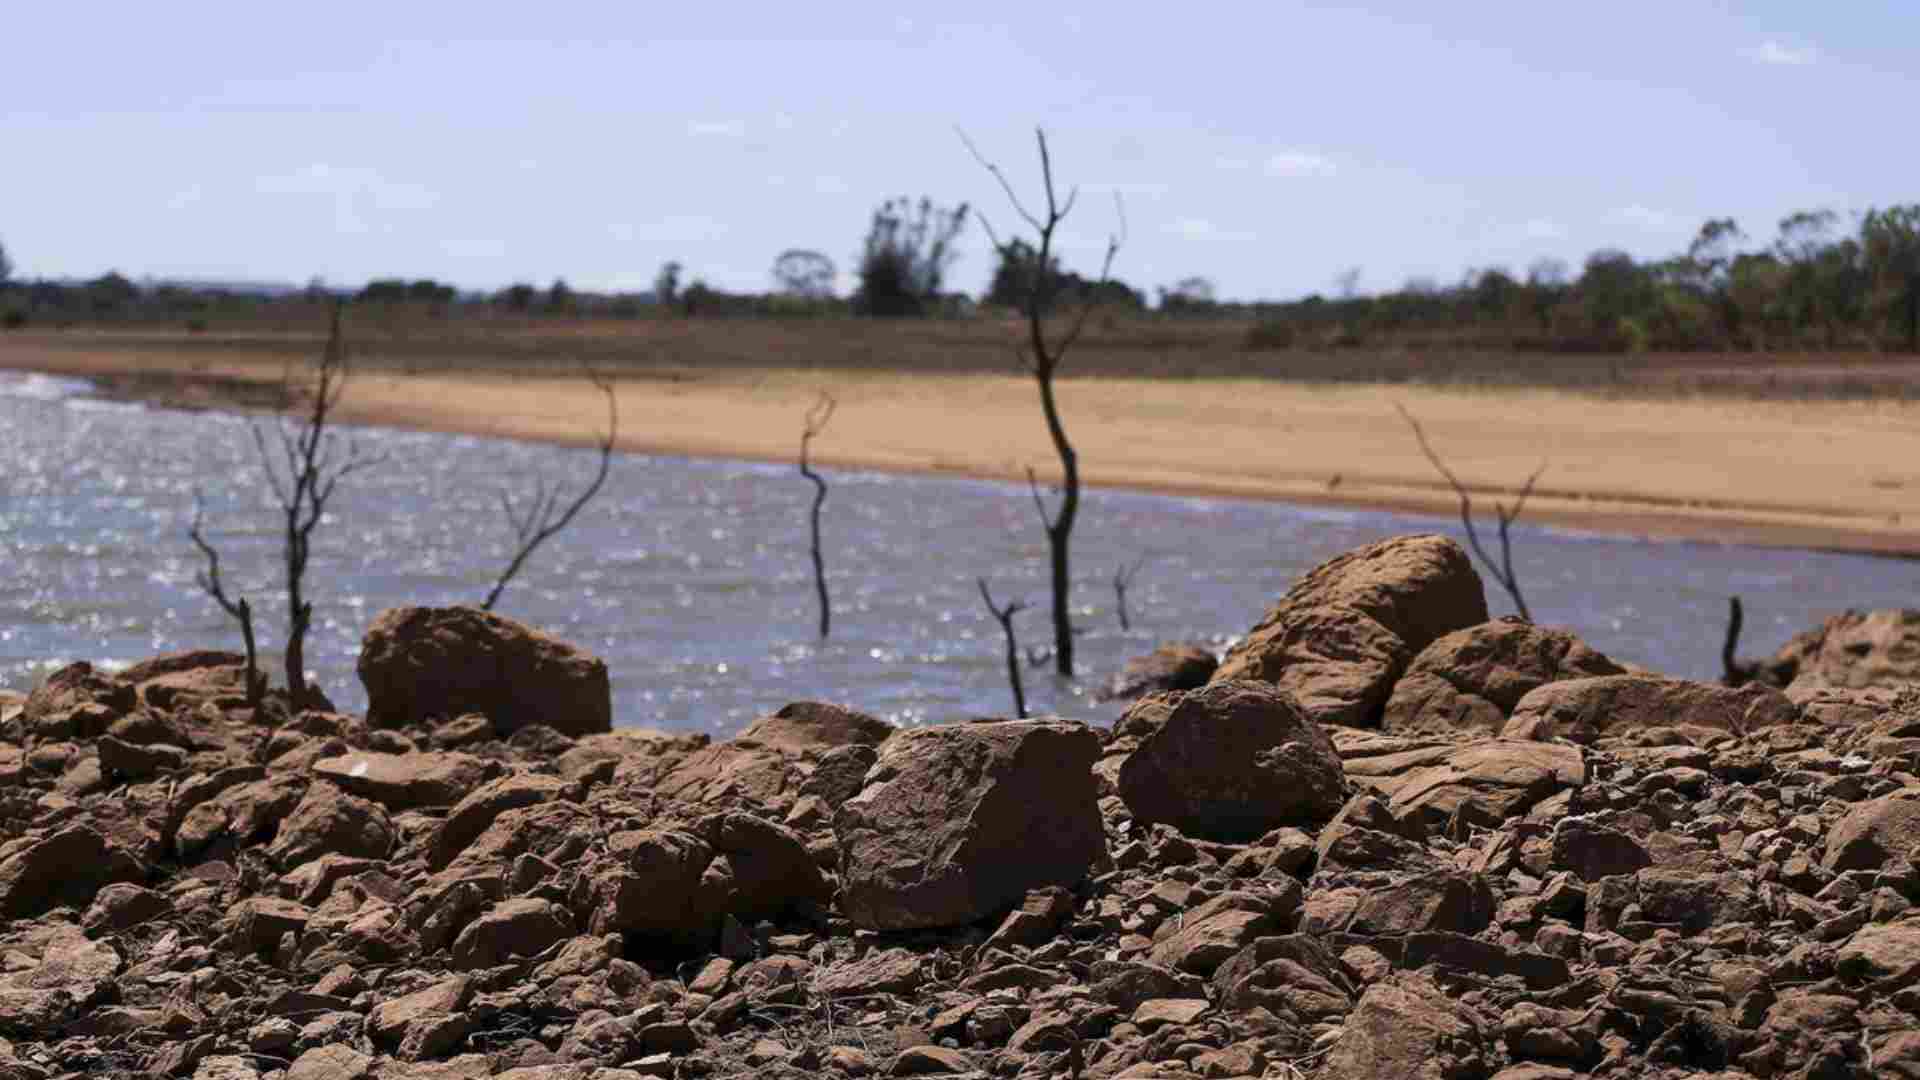 Comitiva vai ao Rio Grande do Sul conferir prejuízos com a seca
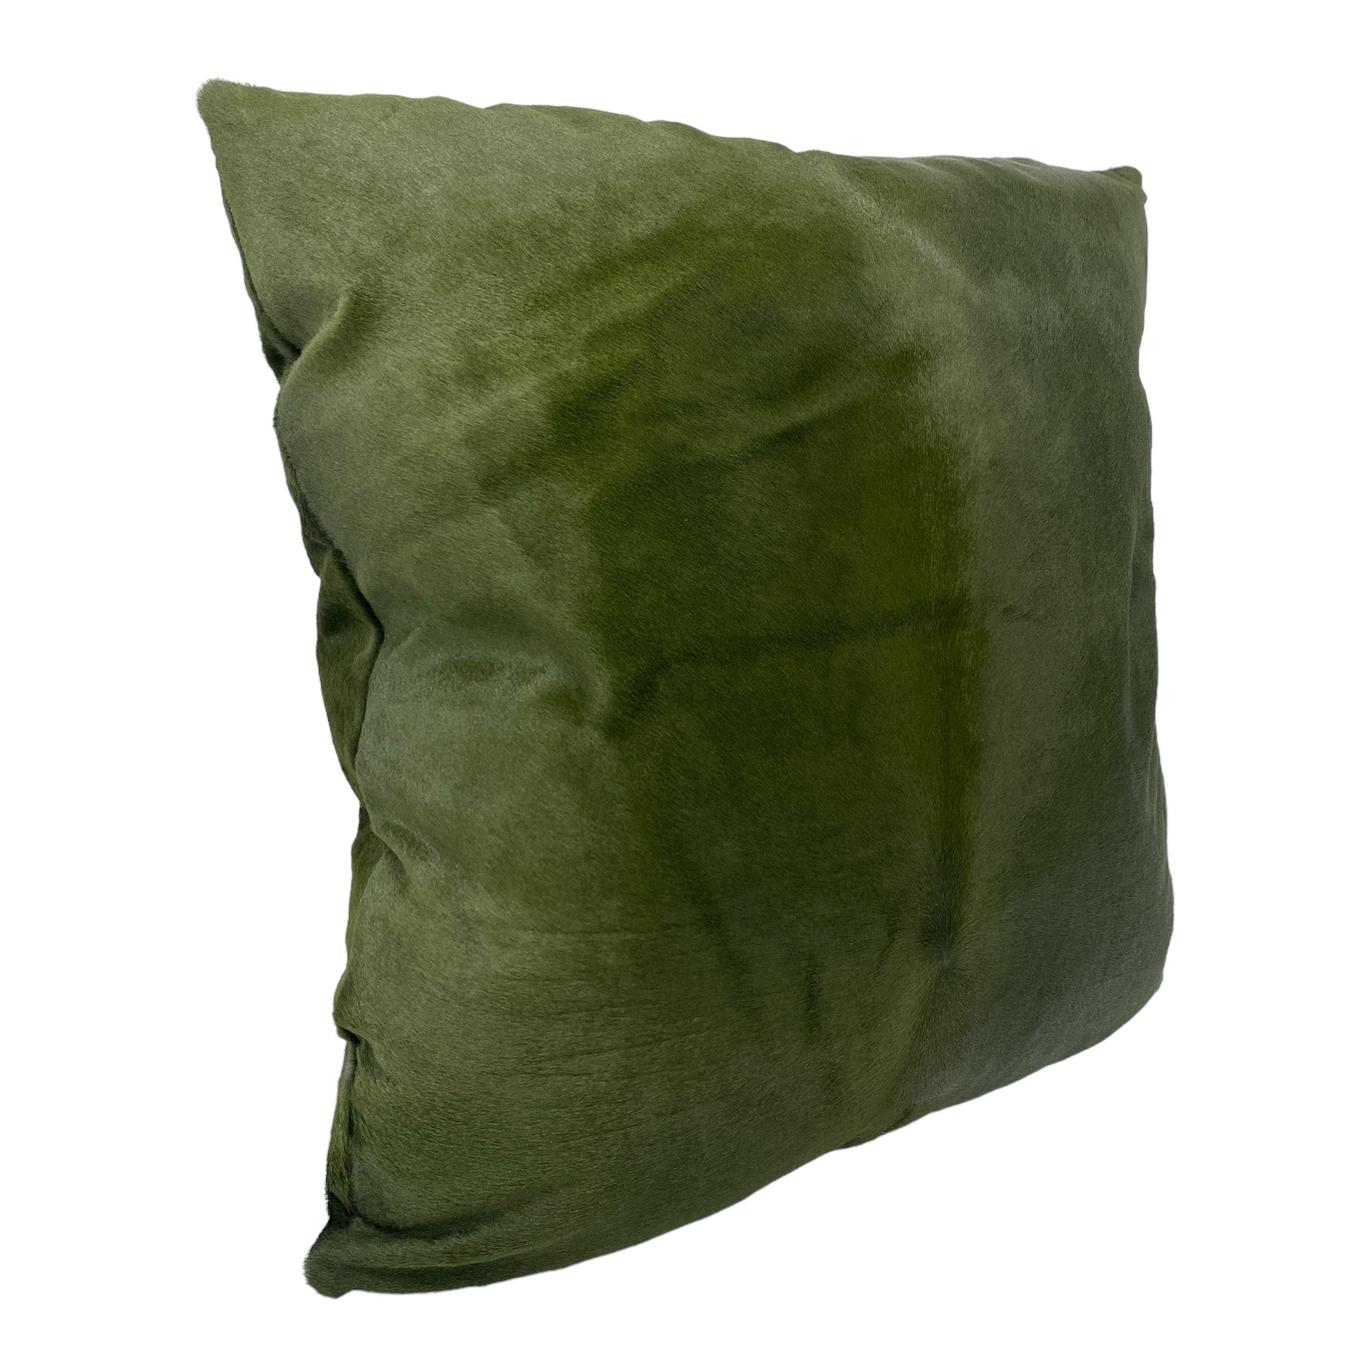 Grünes Lederwurf-Kissen
Unser luxuriöses grünes Kissen mit einem Hauch von Opulenz und grünen Lederpelzakzenten. Beide Seiten sind mit einer üppigen Kurzhaar-Wildledertextur versehen, die für ein üppiges und haptisches Erlebnis sorgt, das jeder

#### Work instruction
Nothing but the lines from the one holding "Grünes Lederwurf-Kissen" through the last line of the listing should appear in the answer, copied exactly and without pictures.

#### Written solution
 Grünes Lederwurf-Kissen
Unser luxuriöses grünes Kissen mit einem Hauch von Opulenz und grünen Lederpelzakzenten. Beide Seiten sind mit einer üppigen Kurzhaar-Wildledertextur versehen, die für ein üppiges und haptisches Erlebnis sorgt, das jeder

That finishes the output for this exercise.